» **TASK BRIEF**:
Skip the pictures. Retype exactly, and only, the lines between the line holding "Two boys with" and the last line below, inclusive.

» **RECORDED DATA**:
[Start of Attachment]

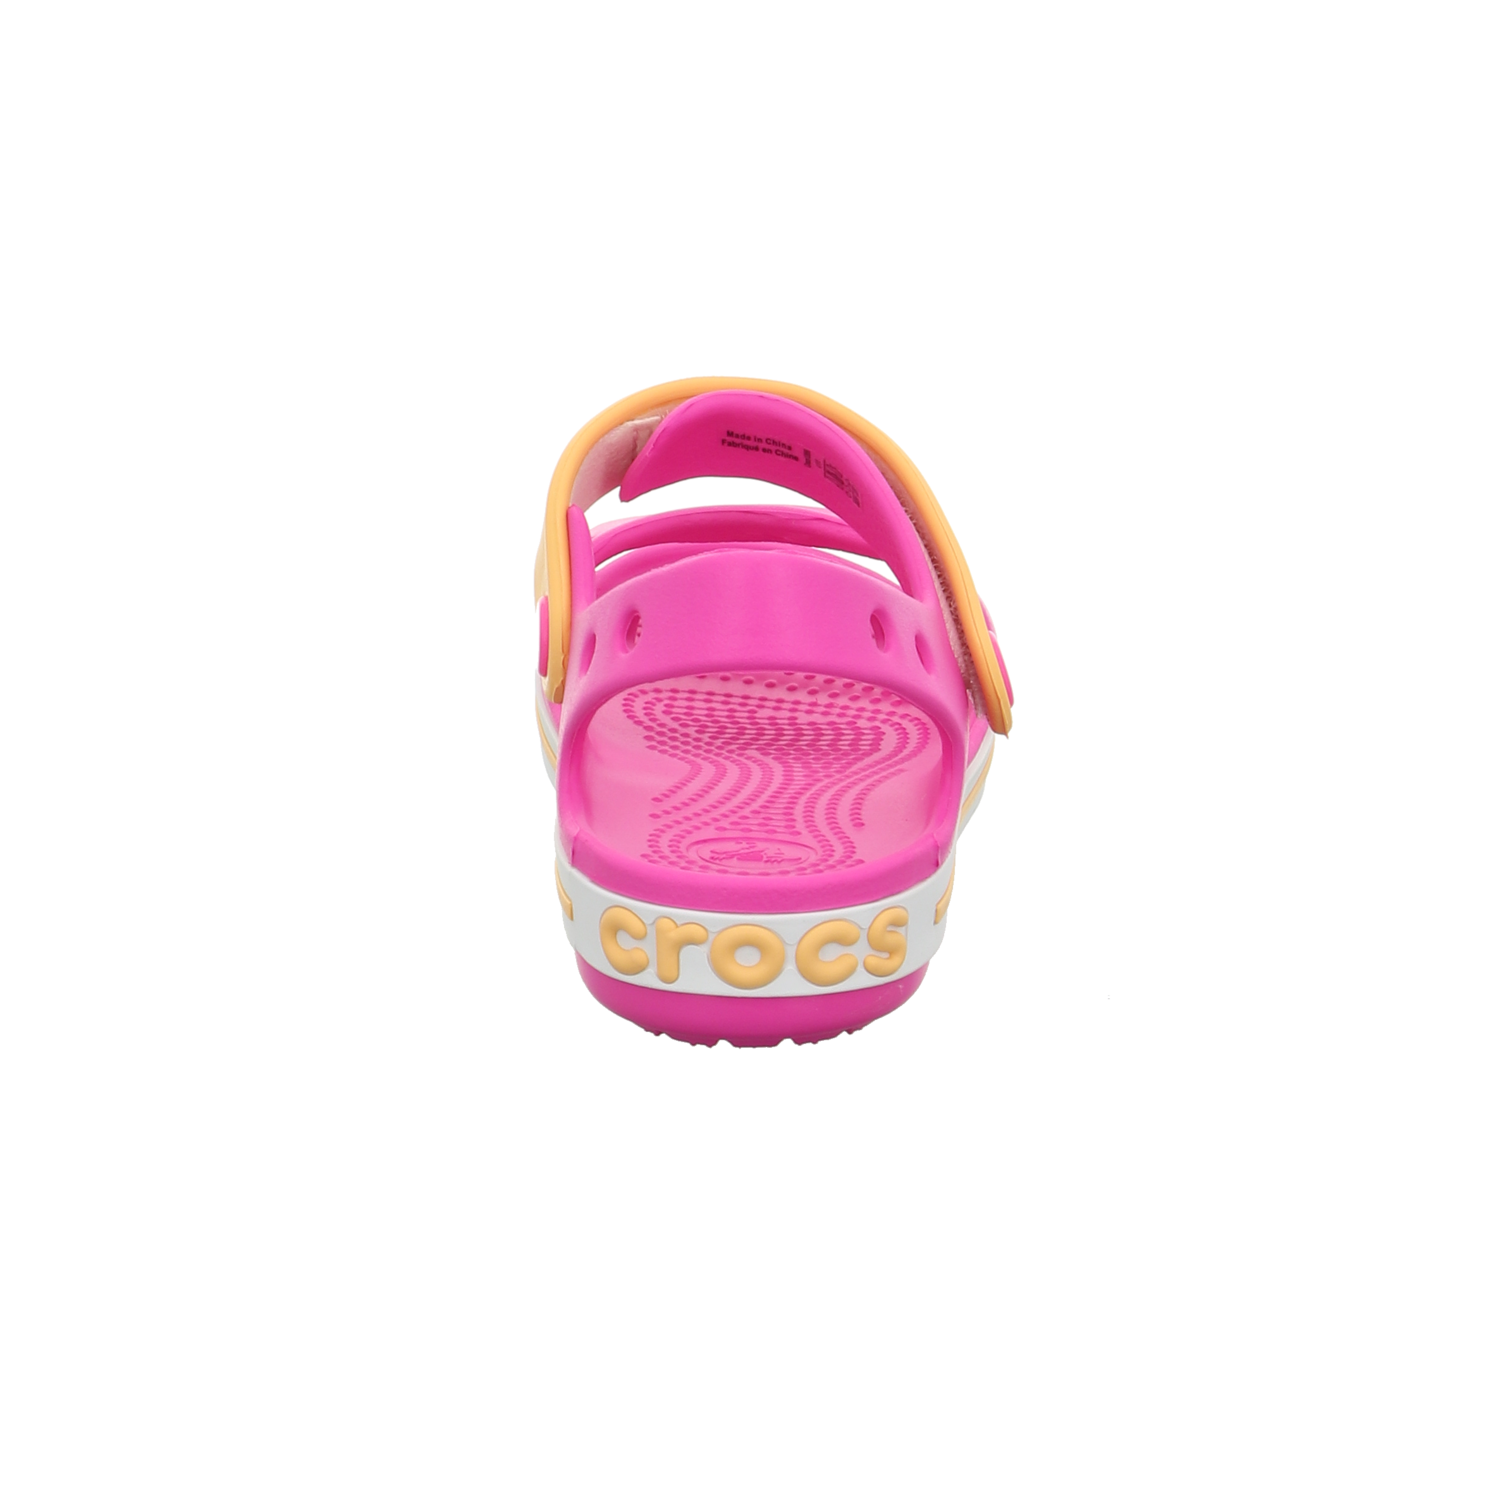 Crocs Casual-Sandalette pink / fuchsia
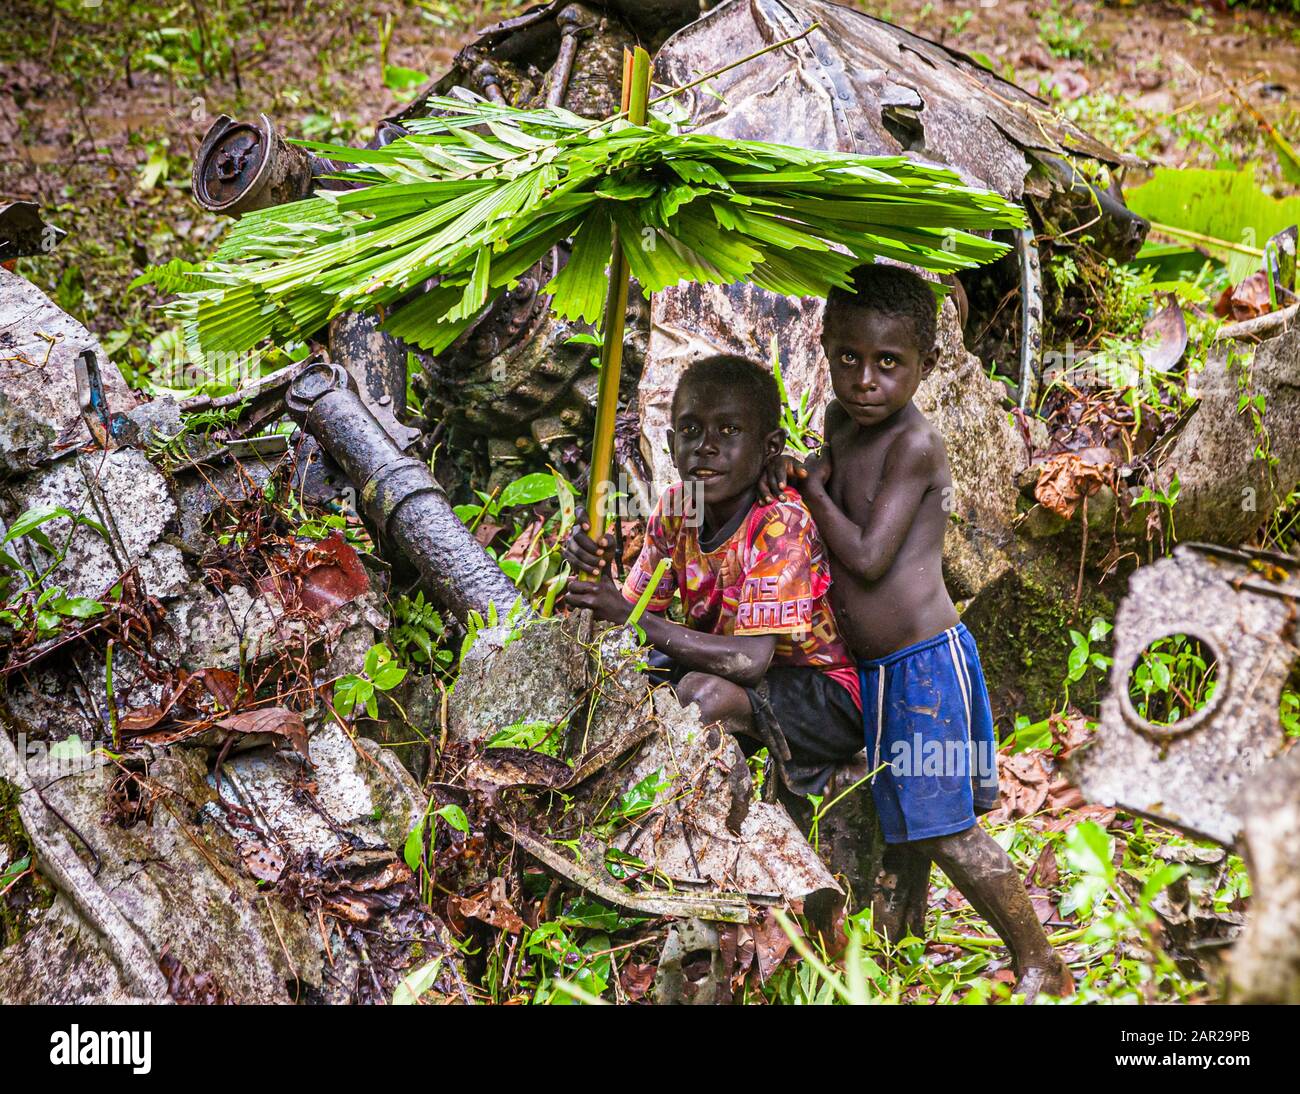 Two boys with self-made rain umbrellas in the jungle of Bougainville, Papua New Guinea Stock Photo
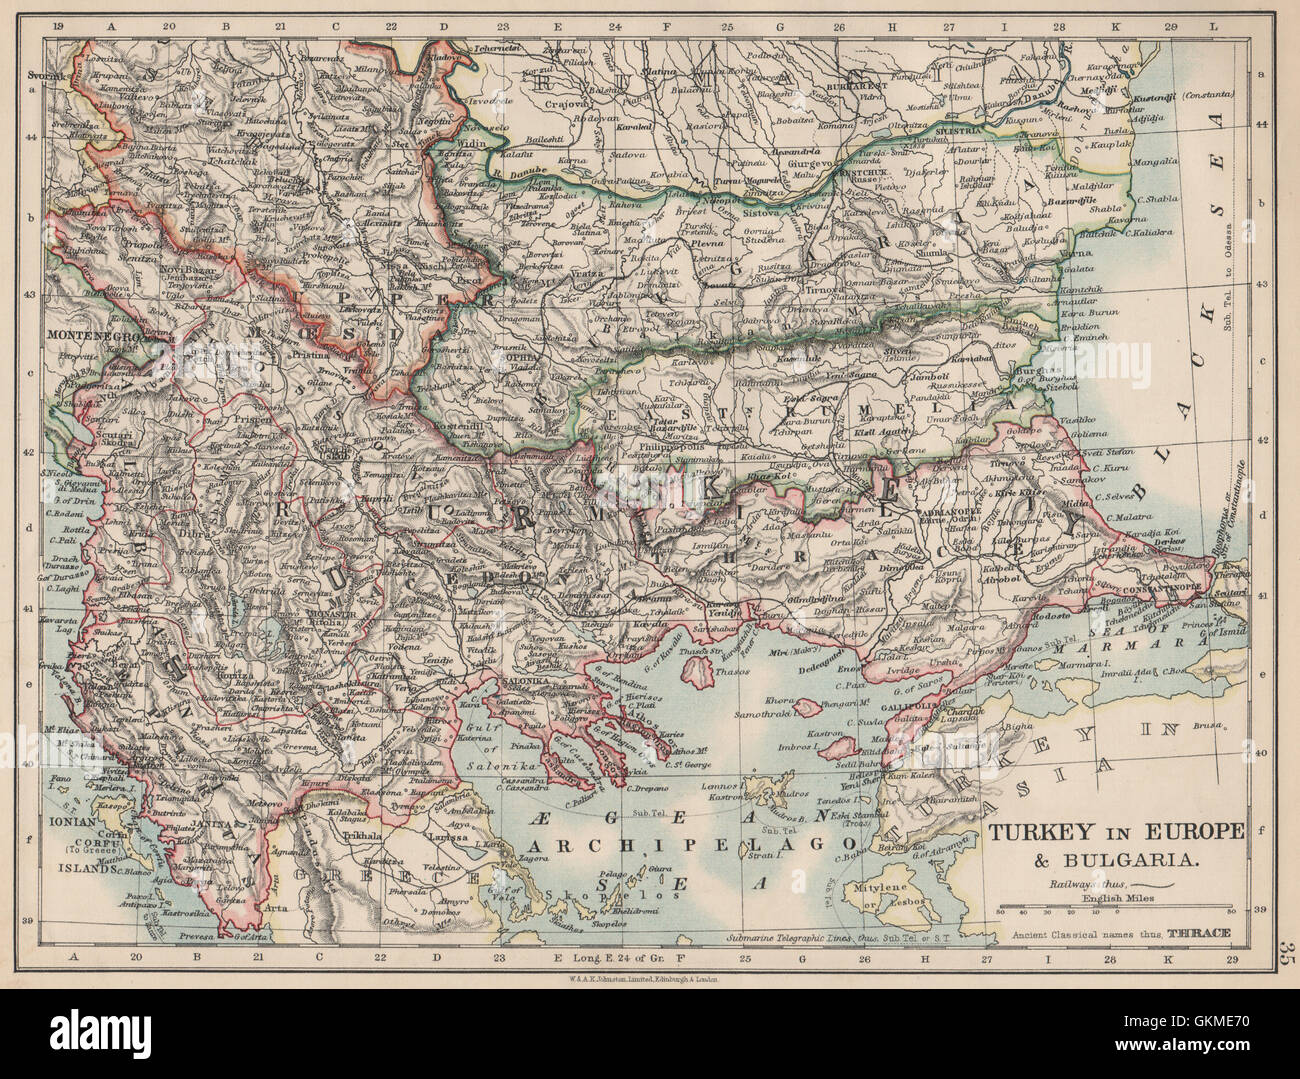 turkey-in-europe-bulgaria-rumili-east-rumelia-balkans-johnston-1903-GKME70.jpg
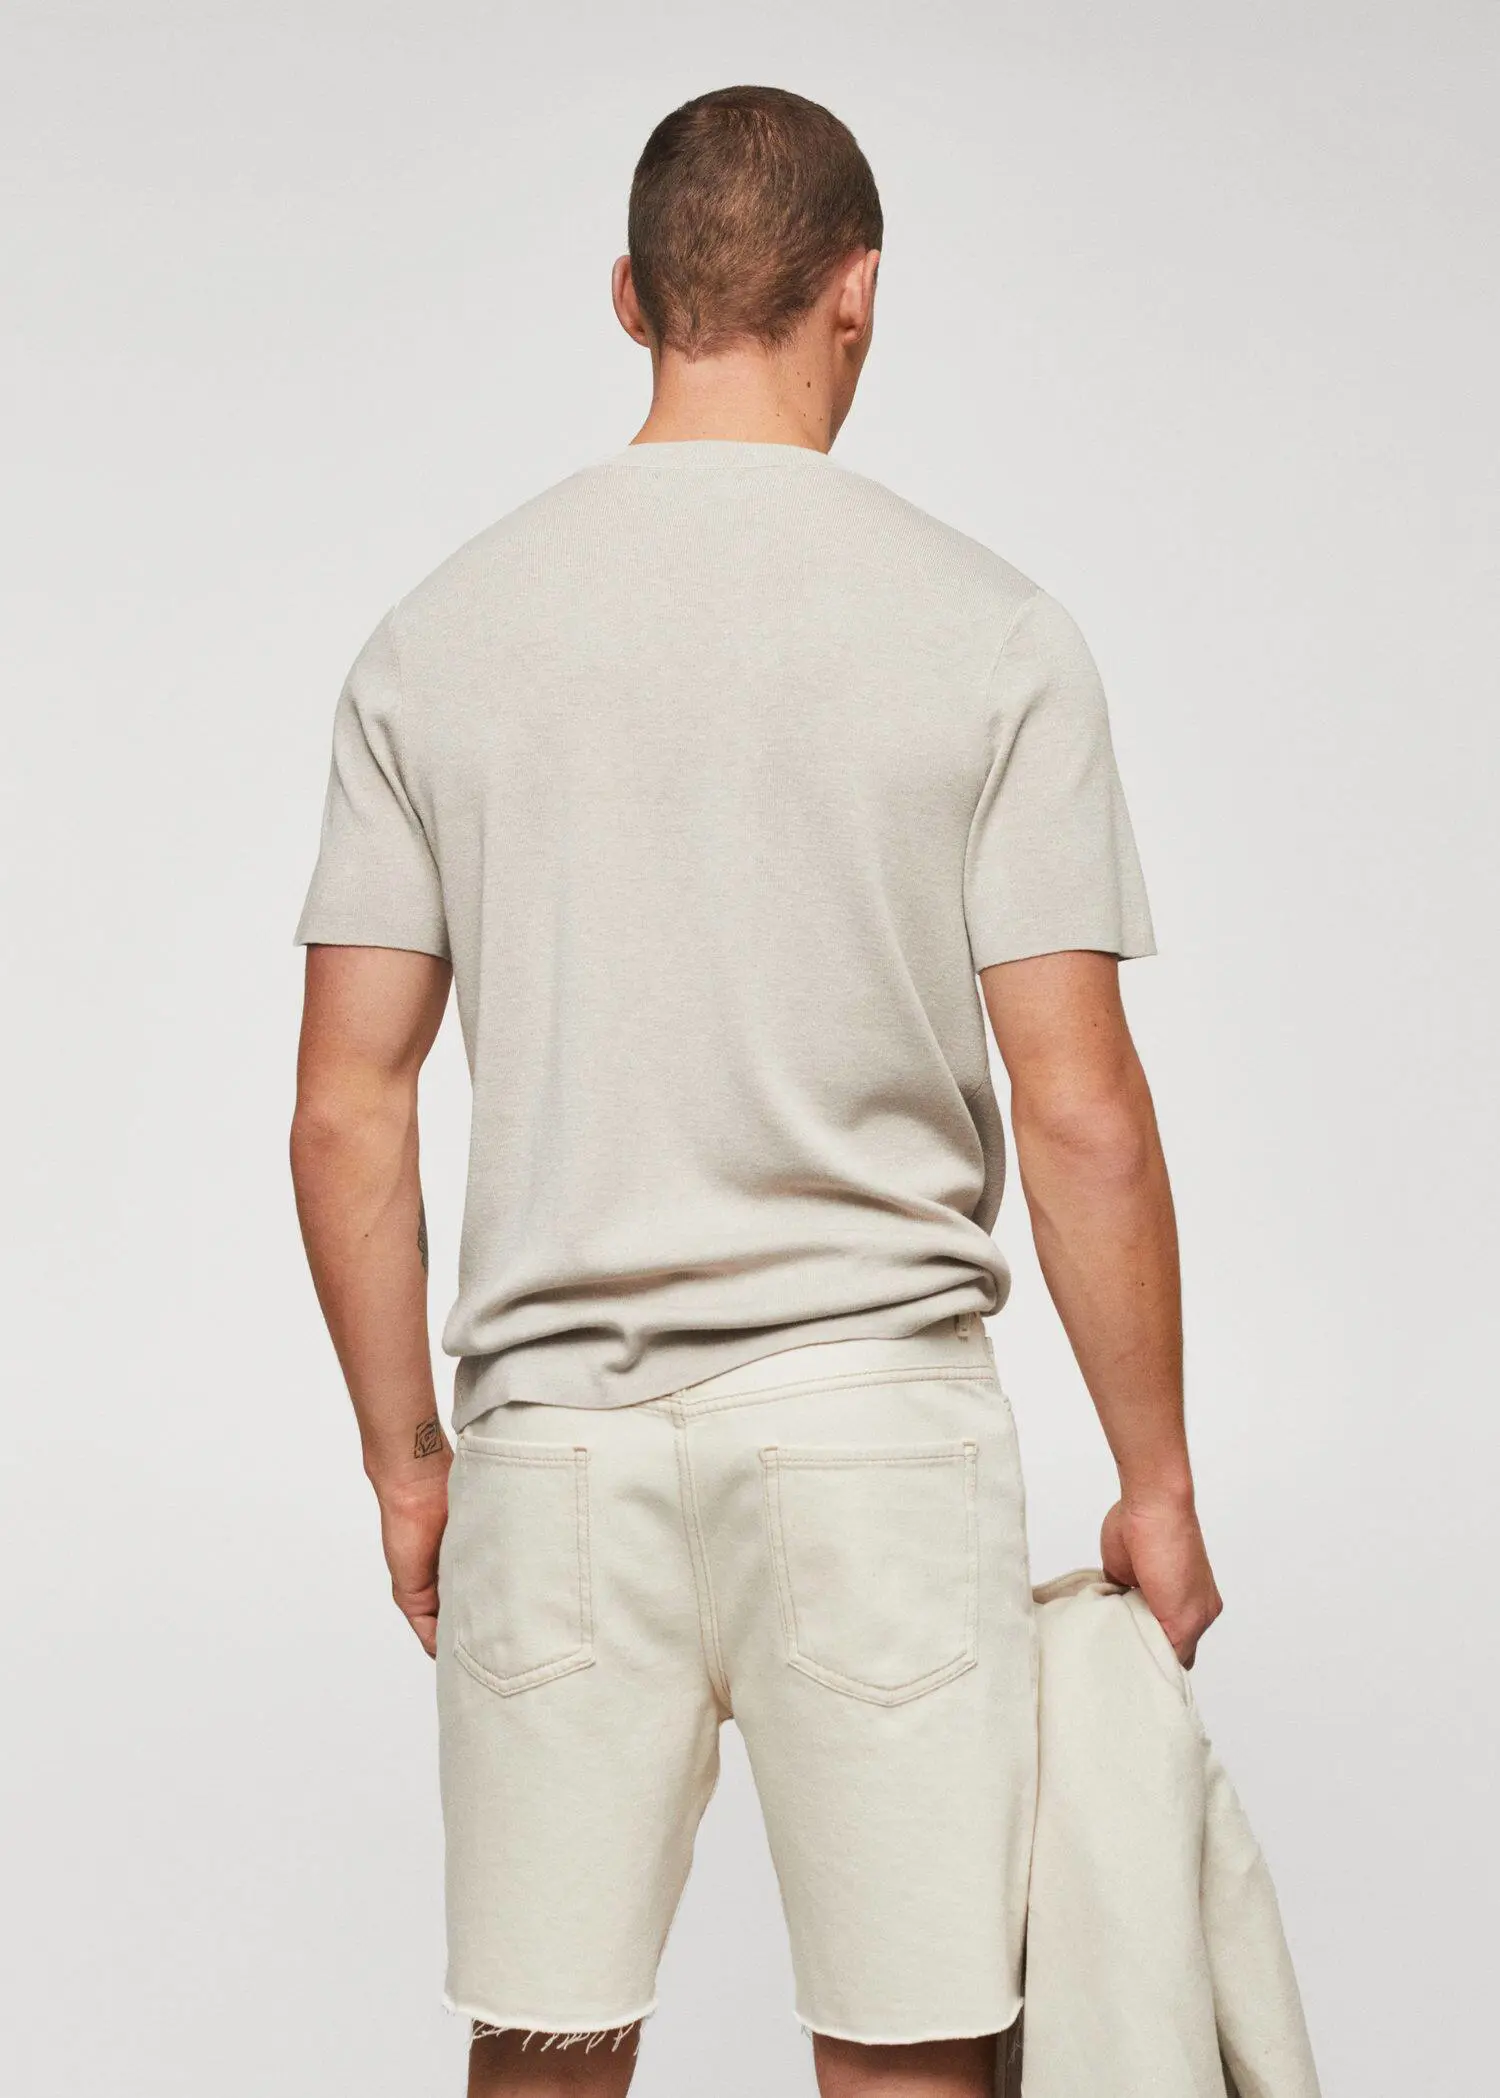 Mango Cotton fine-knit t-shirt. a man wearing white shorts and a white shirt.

[End of Attachment]

» **ANSWER BELOW**:
 Two boys with self-made rain umbrellas in the jungle of Bougainville, Papua New Guinea Stock Photo
 turkey-in-europe-bulgaria-rumili-east-rumelia-balkans-johnston-1903-GKME70.jpg
 Mango Cotton fine-knit t-shirt. a man wearing white shorts and a white shirt.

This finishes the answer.